Jean Kerschen remarque encore que rares sont les clients qui n'ont qu'un seul fournisseur: "Certains diront que, pour une concurrence saine, il vaut mieux en avoir 2 ou 3; les avantages sont plus grands que les inconvénients si la flotte est relativement peu importantes et son suivi assez facile en interne chez le client".
"La part de décision liée au qualitatif, aujourd'hui de 25% face aux 75% de choix sur base des coûts, va aller en augmentant, surtout pour les appels d'offres de grandes flottes, ajoute Bob Walté. Dans ce contexte, si le client a plus d'un fournisseur, il devra impérativement avoir un fleet manager très compétent dans ce domaine difficile".
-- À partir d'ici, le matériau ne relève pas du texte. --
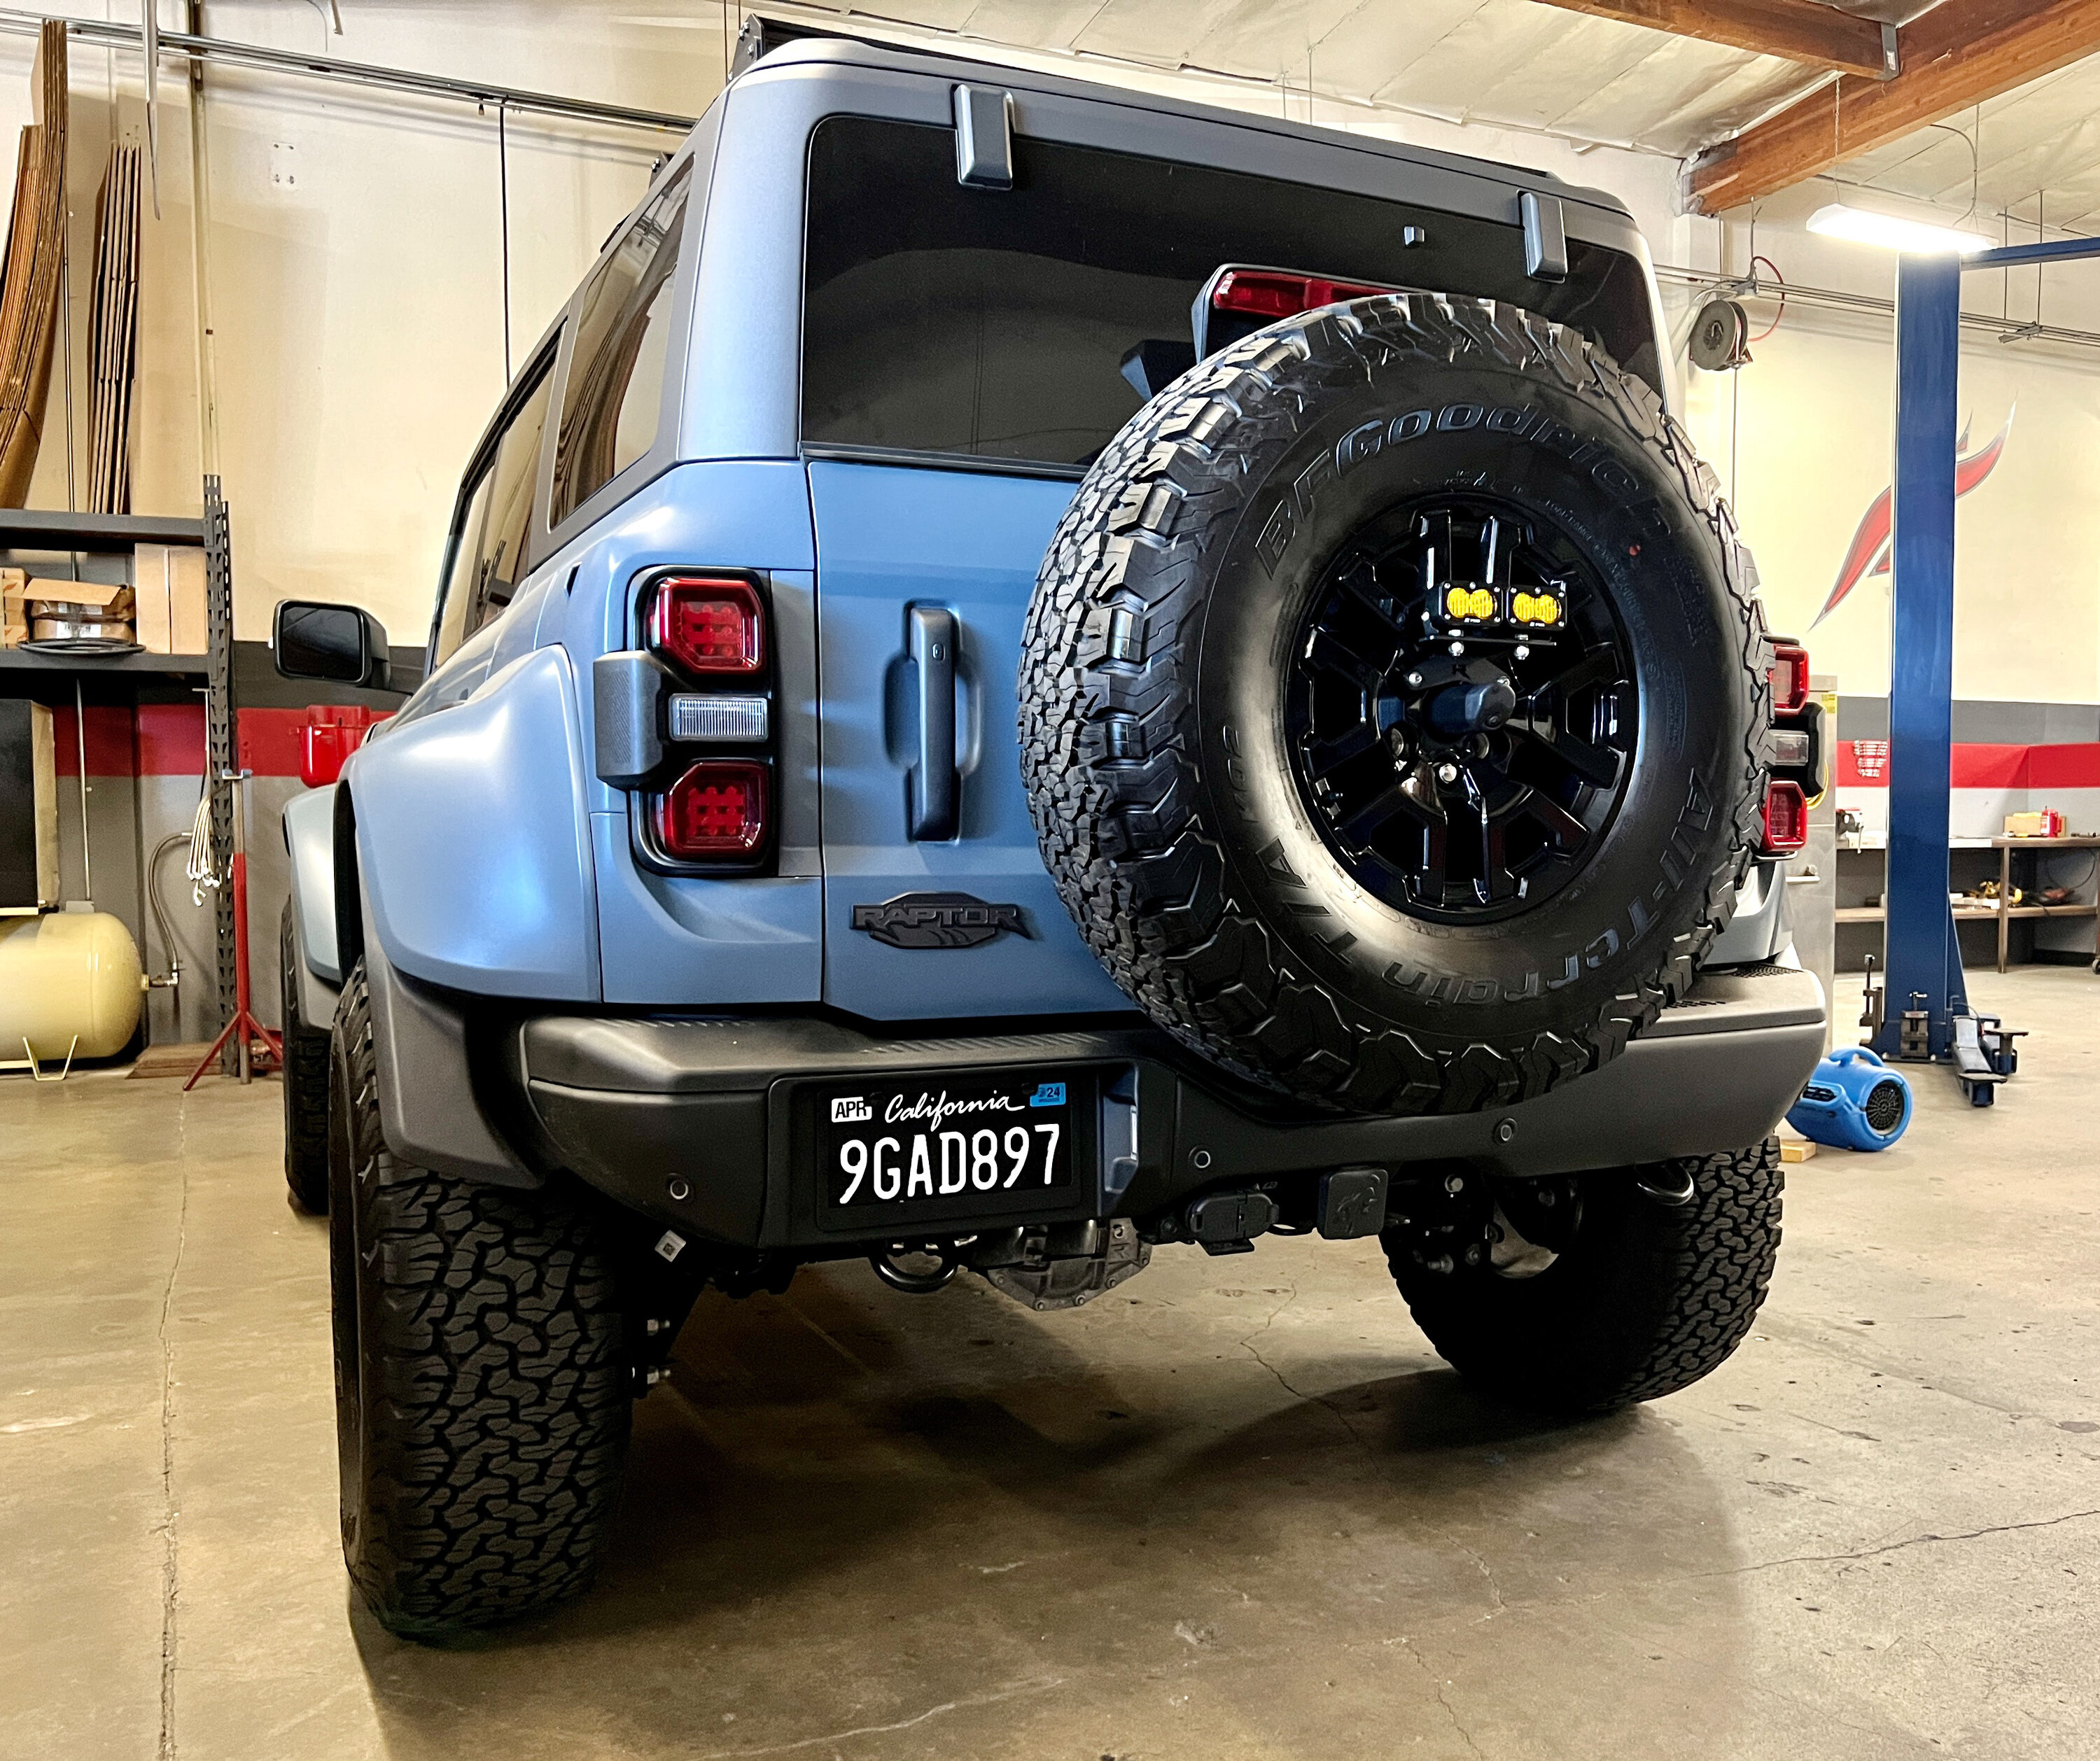 Ford Bronco Show Us Your Reverse / Rear Chase Lights! 3F55CE80-18BC-4F00-A0D8-F52185E4CFCA.JPEG

Jean-Paul Biordi, pour sa part estime qu'avoir plusieurs fournisseurs est une réaction naturelle mais pas toujours réaliste, en particulier pour les flottes inférieures à 100 voitures. Parce qu'avoir plusieurs fournisseurs implique plusieurs facturations et des modes opérationnels différents. Un point de vue assez partagé par Dominique Roger: "Il est vrai que le fait d'avoir plusieurs fournisseurs est fréquent. Mais cela ne relève que de la fausse impression d'économie chez les acteurs d'aujourd'hui, qui se focalisent sur le montant des loyers. Mais il faut alors un gestionnaire de flotte, le travail en interne est bien plus lourd et il n'y a plus ce levier face au fournisseur unique. Il y a aussi un diktat de l'utilisateur, qui veut le plus gros véhicule possible pour le budget fixé. A Luxembourg, le conducteur a un poids décisionnel très fort. C'est même souvent lui qui négocie et une série de paramètres pourtant très importants ne sont donc pas pris en considération. Et n'oubliez pas que, au final, le loueur doit vivre".